By placing a few strategic breakpoints, I can see that once the option bit write takes place, printf starts causing an endless reboot cycle. Code in main() executes up to the first place printf() is called, then it reboots.

Looking at disassembly, I can see a point where a "bx lr" jumps into the middle of the boilerplate startup code, so I don't think an actual fault or reset is occuring; it's more likely a case of stack corruption. However, the situation persists through hard resets; I can only regain control of the chip by using STProg to clear the BFB2 option bit.

I'm at a loss. Bank 2 is identical to Bank 1; I know this because the code itself copies it directly, and I can download and compare the two banks via STProg and see that they're identical. So why would having the bank switched cause the code to jump to strange places?

I can provide all of the code if necessary.

This topic has been closed for replies.
Best answer by Brian H

OH MY $DEITY I SOLVED IT.

Based on this one short paragraph in AN4767 that I managed to gloss over before:

"Beware that the VTOR reset value is zero, in case of BFB2 option active, it will by default point to system memory."

So yes, of course, if BFB2 is set and VTOR isn't re-pointed appropriately, the very first interrupt that comes along after the bank switch will send execution back into system memory. That's why I first saw it in the context of printf, which led to UART interrupts.

If the first instruction in main (or, really, any that happen before an interrupt) properly point the VTOR back at 0x0800 0000, the core stays happy in application code.

8 replies

gbm
Principal
November 5, 2022

It may be something related to cache and prefetch buffer operation. Try to disable all these mechanisms before bank switching. If this doesn't help, then move the bank switch routine to RAM and execute it from there. In sucha a case the routine should not call any routines from Flash - neither HAL nor printf; just make your own routine being an equivalent of HAL_FLASH_OB_Launch.

My STM32 stuff on github - compact USB device stack and more: https://github.com/gbm-ii/gbmUSBdevice
Pavel A.
Super User
November 5, 2022

While waiting for better replies, replace the printfs to direct UART output (HAL_UART_Transmit...).

and call __ISB() after HAL_FLASH_OB_Launch (this may be too late, though...)

Brian H
Brian HAuthor
Senior
November 7, 2022

Thank you both for your answers. They are sensible suggestions, but there's a wrinkle that perhaps I didn't express clearly: The problem persists after a hard reset / power cycle.
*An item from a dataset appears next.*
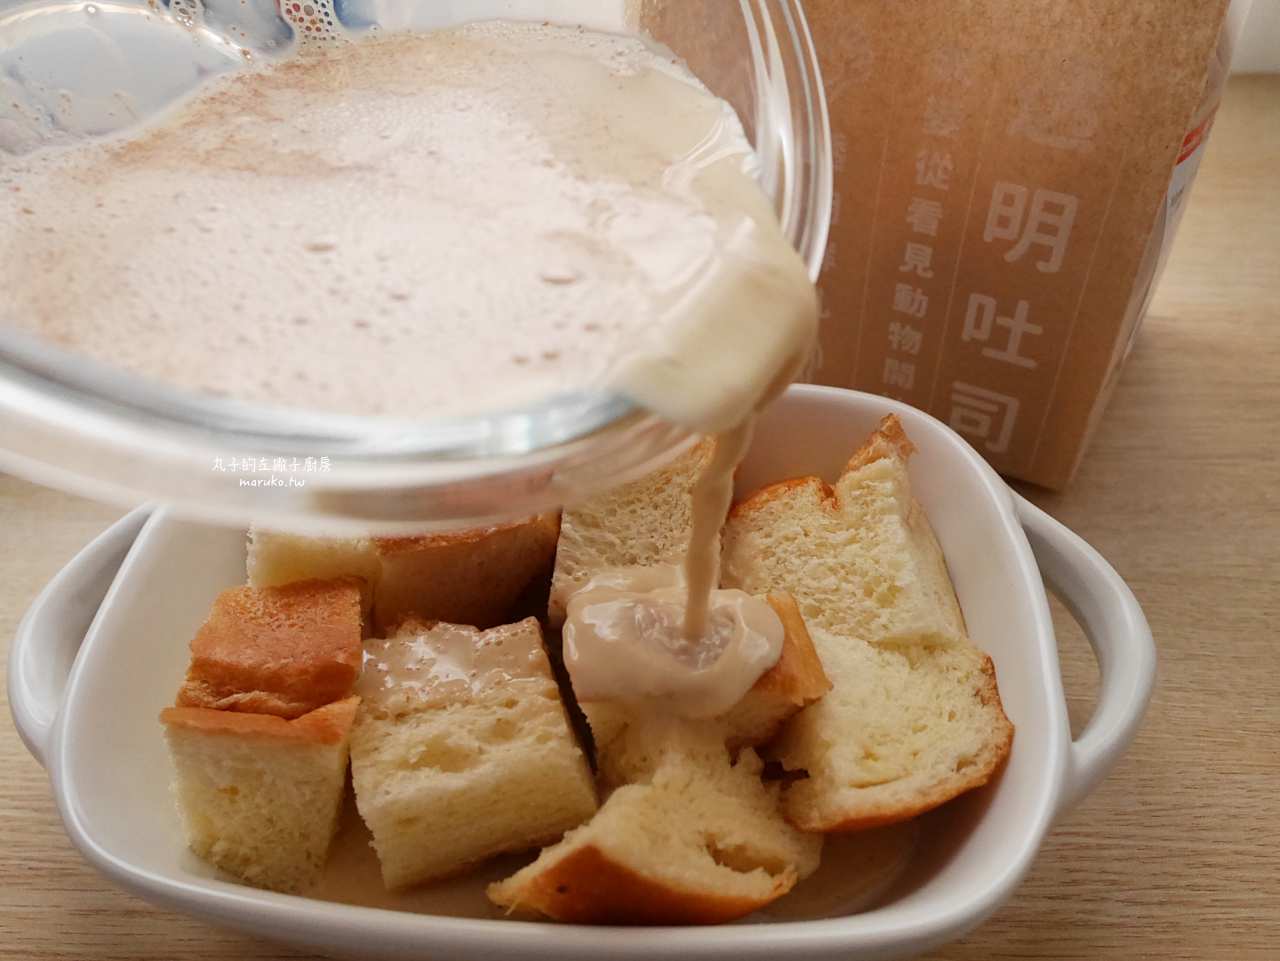 【食譜】楓糖肉桂烤布丁吐司 三樣食材簡單做烤布丁吐司，加上香草冰淇淋甜蜜下午茶！ @Maruko與美食有個約會

I wouldn't expect cache / prefetch / etc. problems to remain after the chip has been fully reset. At that point, the cache and pipeline is flushed anyway, no? Starting from a hard reset, with an identical image in bank 2, I don't understand why the behavior should be any different from bank 1.

I'll still try moving the bank select into RAM (and removing all calls to external methods) just to see what happens.

Pavel A.
Super User
November 8, 2022

> once the option bit write takes place, printf starts causing an endless reboot cycle. Code in main() executes up to the first place printf() is called

Do you mean that the first printf in your snippet, line 8, already causes reboot?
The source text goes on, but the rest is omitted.